In patients with the adrenogenital syndrome, a single intramuscular injection of 40 mg every two weeks may be adequate. For maintenance of patients with rheumatoid arthritis, the weekly intramuscular dose will vary from 40 to 120 mg. The usual dosage for patients with dermatologic lesions benefited by systemic corticoid therapy is 40 to 120 mg of methylprednisolone acetate administered intramuscularly at weekly intervals for one to four weeks. In acute severe dermatitis due to poison ivy, relief may result within 8 to 12 hours following intramuscular administration of a single dose of 80 to 120 mg. In chronic contact dermatitis repeated injections at 5 to 10 day intervals may be necessary. In seborrheic dermatitis, a weekly dose of 80 mg may be adequate to control the condition.
Following intramuscular administration of 80 to 120 mg to asthmatic patients, relief may result within 6 to 48 hours and persist for several days to two weeks. Similarly in patients with allergic rhinitis (hay fever) an intramuscular dose of 80 to 120 mg may be followed by relief of coryzal symptoms within six hours persisting for several days to three weeks.

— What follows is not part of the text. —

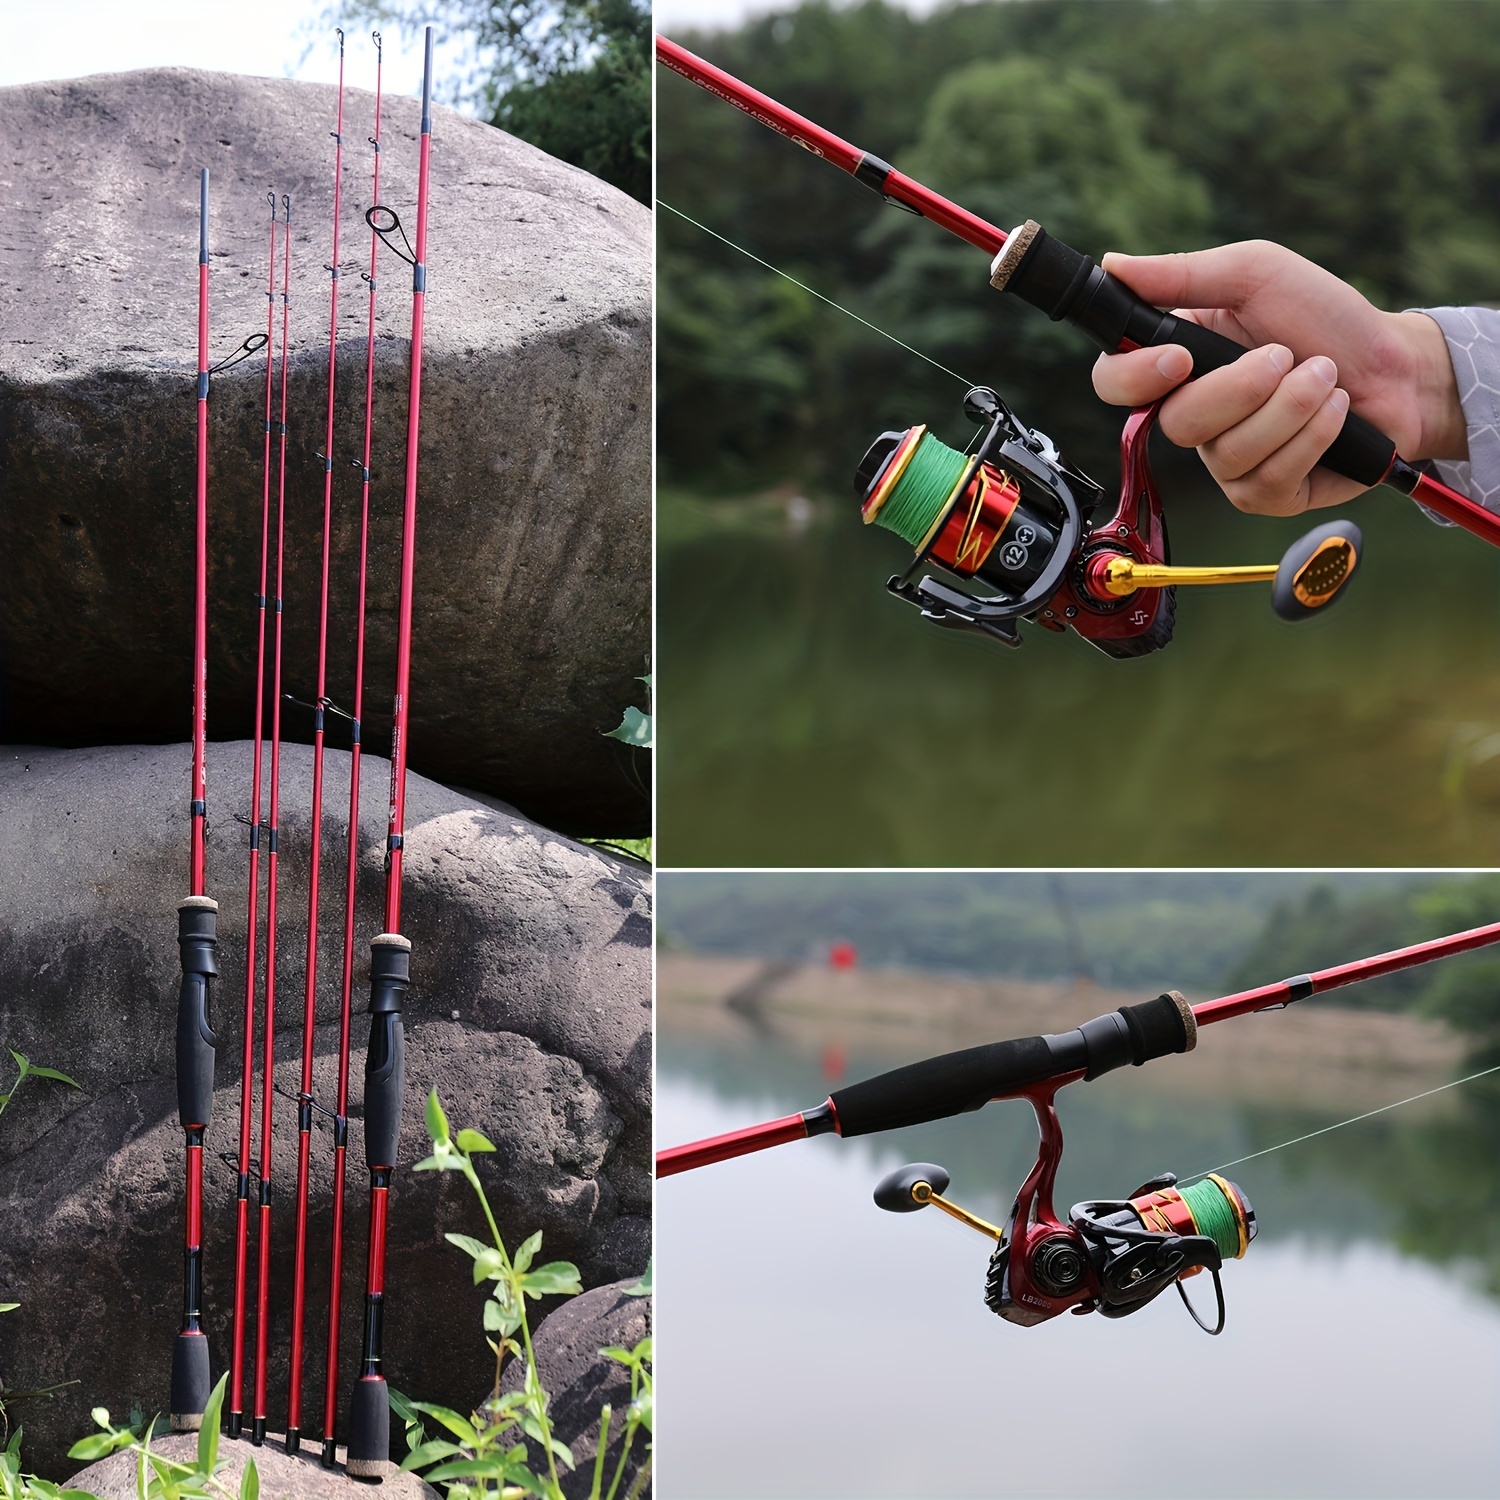 Sougayilang Fishing Rod Combos with Telescopic Fishing Pole Spinning Reels  Fishing Carrier Bag for Travel Saltwater Freshwater F

If signs of stress are associated with the condition being treated, the dosage of the suspension should be increased. If a rapid hormonal effect of maximum intensity is required, the intravenous administration of highly soluble methylprednisolone sodium succinate is indicated.
Multiple Sclerosis
In treatment of acute exacerbations of multiple sclerosis daily doses of 200 mg of prednisolone for a week followed by 80 mg every other day for 1 month have been shown to be effective (4 mg of methylprednisolone is equivalent to 5 mg of prednisolone).
HOW SUPPLIED
DEPO-MEDROL Sterile Aqueous Suspension is available in the following strengths and package sizes:
20 mg per mL
5 mL multidose vials NDC 0009-0274-01
40 mg per mL
5 mL multidose vials NDC 0009-0280-02
25 x 5 mL multidose vials NDC 0009-0280-51
10 mL multidose vials NDC 0009-0280-03
25 x 10 mL multidose vials NDC 0009-0280-52
80 mg per mL
5 mL multidose vials NDC 0009-0306-02
25 x 5 mL multidose vials NDC 0009-0306-12
Store at controlled room temperature 20° to 25°C (68° to 77°F) [see USP].
Distributed by Pharmacia and Upjohn Company, Division of Pfizer Inc, NY, NY 10017. Revised July 2006.